An Act to Amend the Laws Governing Banking Institutions

Be it enacted by the People of the State of Maine as follows:

     Sec. 1. 9-B MRSA §131, sub-§37, as amended by PL 1993, c. 99, §1, is further amended to read:

     37. Service corporation. "Service corporation" means a corporation substantially all the activities of which consist of originating, purchasing, selling and servicing loans and participation interests therein; or clerical, bookkeeping, accounting and statistical or similar functions related to a financial institution or real estate activities; or management, personnel, marketing or investment counseling related to a financial institution or real estate activities; or establishing or operating one or more satellite facilities; or any activity authorized by the superintendent by regulation that has been authorized under federal law for service corporations owned or controlled by national banks, federally chartered savings and loan associations, federally chartered savings banks or federally chartered credit unions. The purpose of authorizing any such activity is to maintain competitive equality between federally chartered and state-chartered institutions.
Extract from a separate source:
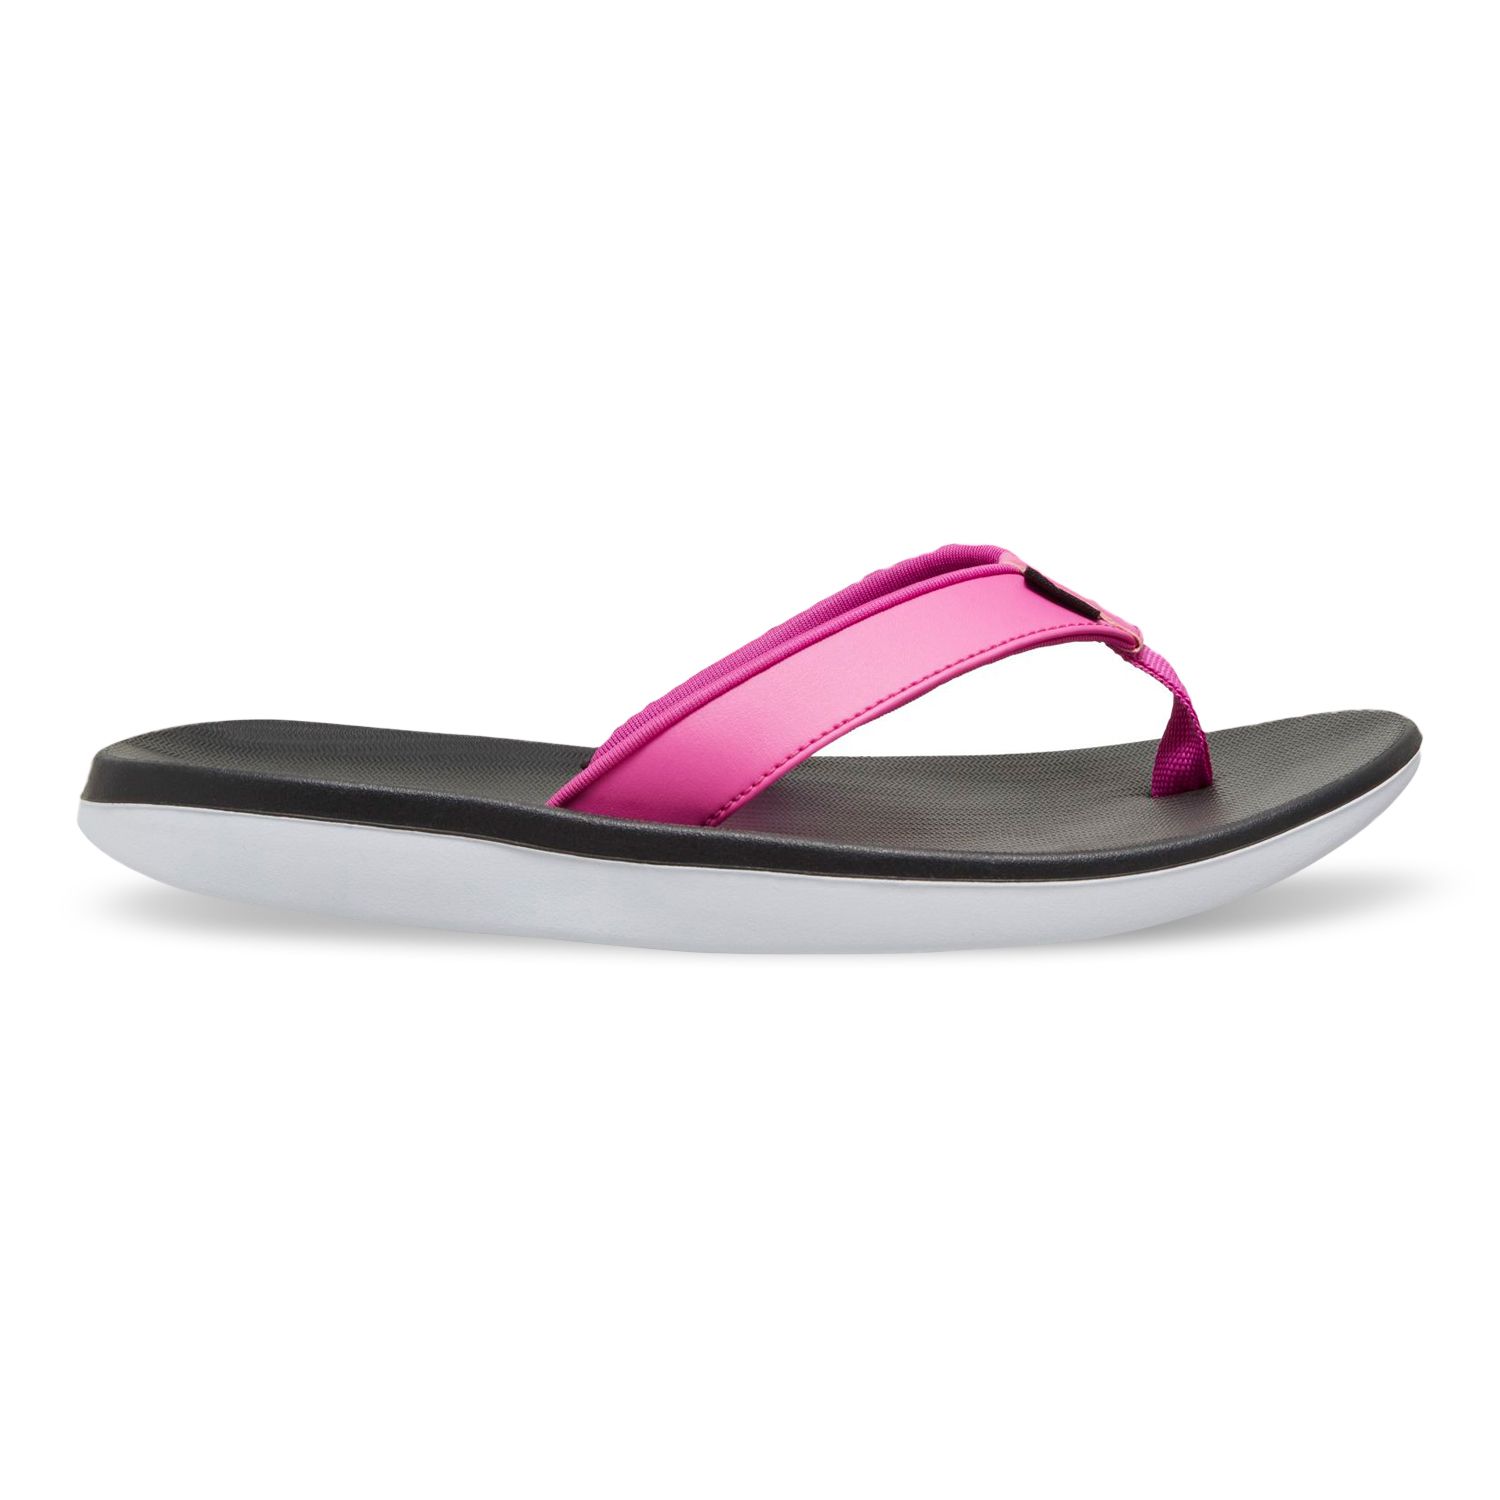 black and pink flip flops

     Sec. 2. 9-B MRSA §334, sub-§1, as amended by PL 1991, c. 386, §1, is further amended to read:

     1. Superintendent's approval. A financial institution or a service corporation wholly owned by one or more financial institutions may establish or participate in the use of a satellite or off-premise facility, as defined in section 131. A financial institution or service corporation may not establish a satellite facility without prior approval of notice to the superintendent, pursuant to section 336 this section.
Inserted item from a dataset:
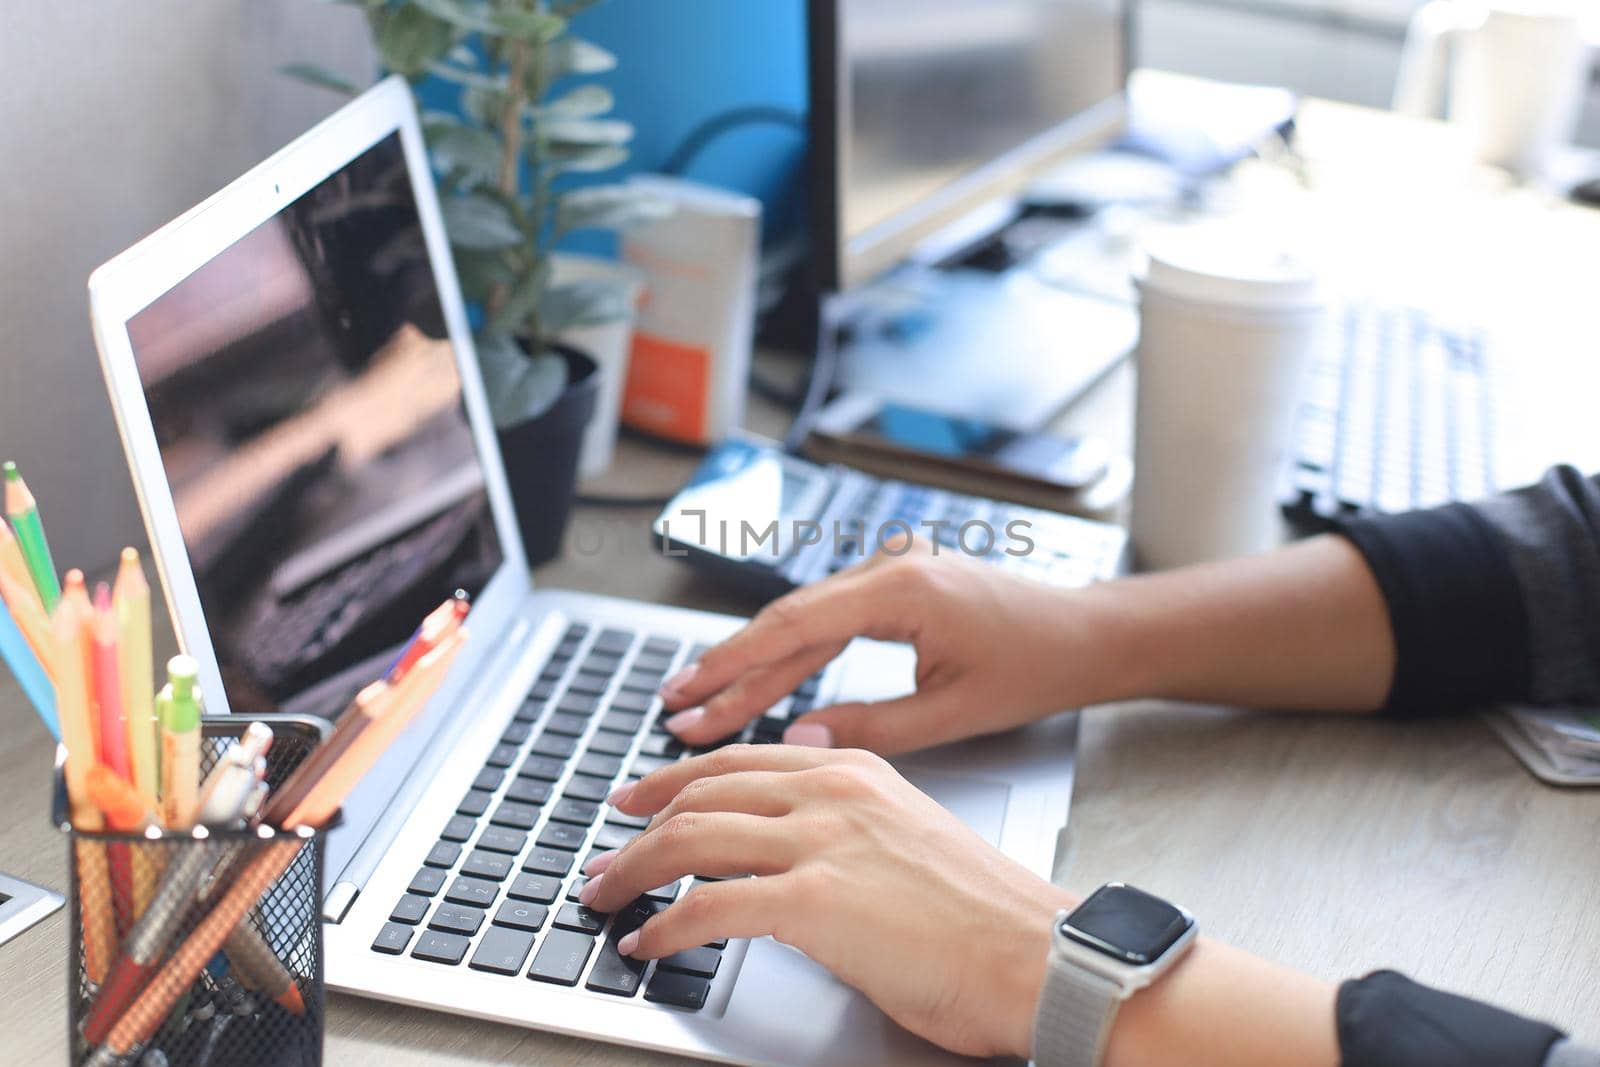 Woman hands pressing keys on a laptop keyboard in office

     Sec. 3. 9-B MRSA §334, sub-§3, as enacted by PL 1975, c. 500, §1, is amended to read:

     3. Ownership. Such a facility may be wholly or partly owned by the institution; or may be owned by 2 or more such financial institutions; provided that the superintendent shall approve such joint ownership.
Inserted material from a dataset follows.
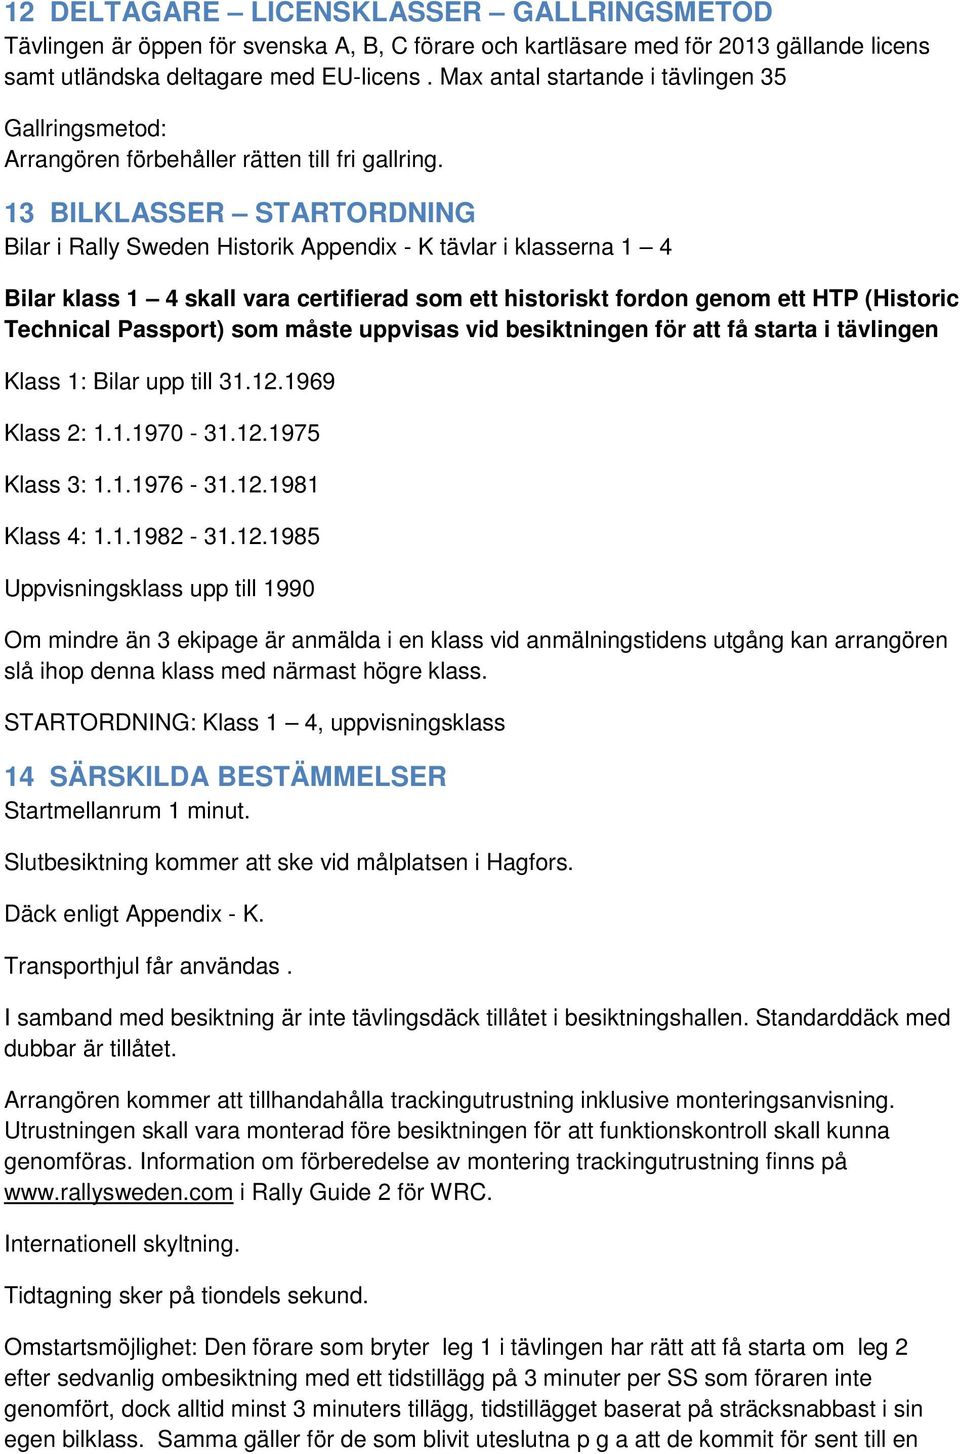 13 BILKLASSER STARTORDNING Bilar i Rally Sweden Historik Appendix - K tävlar i klasserna 1 4 Bilar klass 1 4 skall vara certifierad som ett historiskt fordon genom ett HTP (Historic Technical

     Sec. 4. 9-B MRSA §334, sub-§4, as amended by PL 1993, c. 139, §1, is further amended to read:

     4. Use of established facilities by additional institutions. A satellite facility established under this chapter must be made available for use by other financial institutions authorized to do business in this State. The superintendent may not approve the establishment of any satellite facility unless all All financial institutions using the facility must have equal access to the facility, except that a financial institution owning an off-premise facility may designate that facility as accepting cash deposits for its customers only. When a facility is shared, the identification and promotion of that facility must include the name or logo of the network system and may include the name of the sponsoring financial institution. If the name of the sponsoring financial institution is displayed, it must be equal in prominence to the name of the network system or logo.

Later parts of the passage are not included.